I have a geeky secret; I used to be really into ray-tracing and 3D graphics not so much from an “art” point of view – although I do have an interest in that and computer modelling/visualisation checks a lot of boxes for me as I always wanted to be a civil engineer or architect (well, I kind of am… but with computers..!)
it was one of the only applications I found in the early/mid 90’s that could really tax a machine and I spent a lot of time playing with large render jobs using PovRay and progressed to 3D studio for DOS and then a bit of a dabble with building render farms using 3DS Max before I had to go and get a “proper” job with less spare time.
I would love the time to get back into it, with the power available today you could produce some awesome images, although maybe I am somewhat hampered through lack of talent… maybe that will be downloadable now?
….So anyway, here’s an interesting article on how DreamWorks Animation have sped up access to their render farm using Ibrix Parallel file server software… they shift a lot of data!
I’ve worked on a project where we’ve tried to implement similar high-performance grid-based storage systems for large media files; but they were somewhat less successful/undeveloped; this one looks promising.

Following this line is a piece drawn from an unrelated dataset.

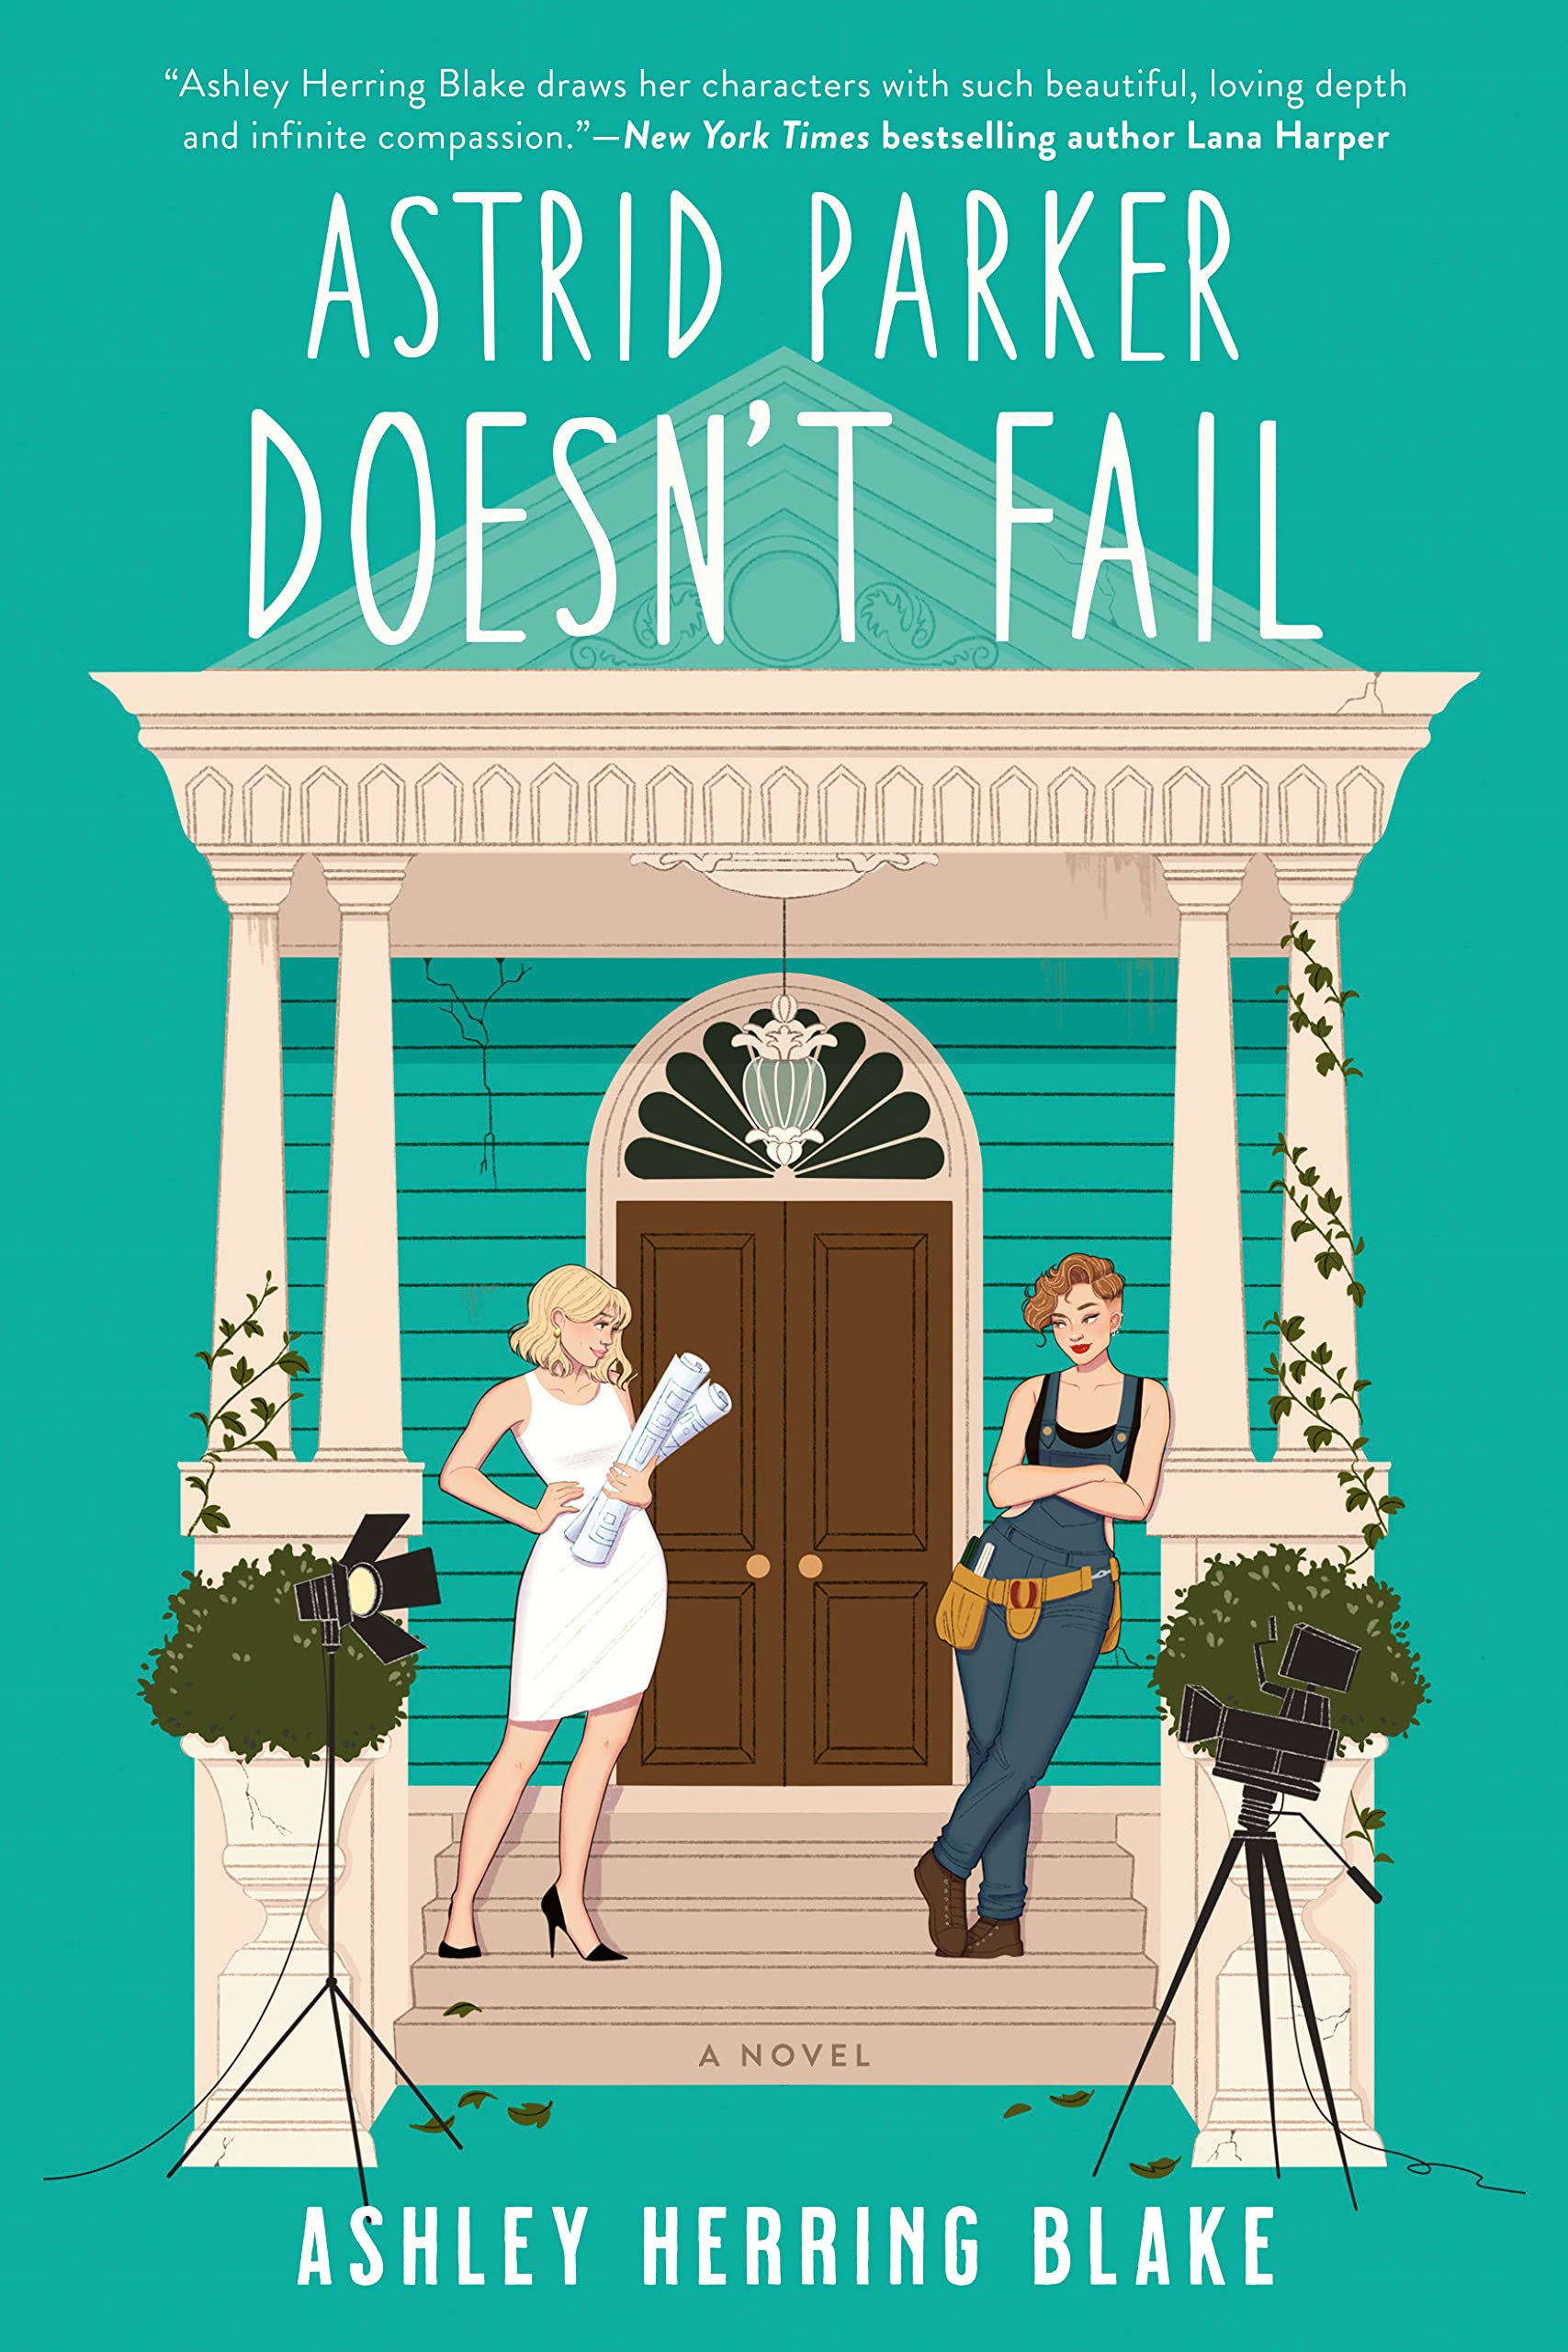 Image for "Astrid Parker Doesnt Fail"

I wonder if these kind of vendors will start moving into the virtualization space; it’s essentially the same principal.
Deliver large flat files (.VMDK), over cheap/scalable commodity media (GigE) as quick a possible
This would reduce the depende.ncy on expensive back-end fibre channel SANs, and you could invest more in flexible Ethernet – or maybe Infiniband to deliver networking and storage within a “virtual fabric”
If it’s “virtual” and “grid” based the quality/features of individual hardware devices (DL380, NAS device etc.) that make it up the overall grid are less important and a 100% software approach gives you the flexibility to pick & choose building blocks from the most appropriate/affordable manufacturer rather than be locked into a costly single vendor solution (HP EVA, EMC Clariion, DMX etc.)
Thanks to Martin at Bladewatch for the link.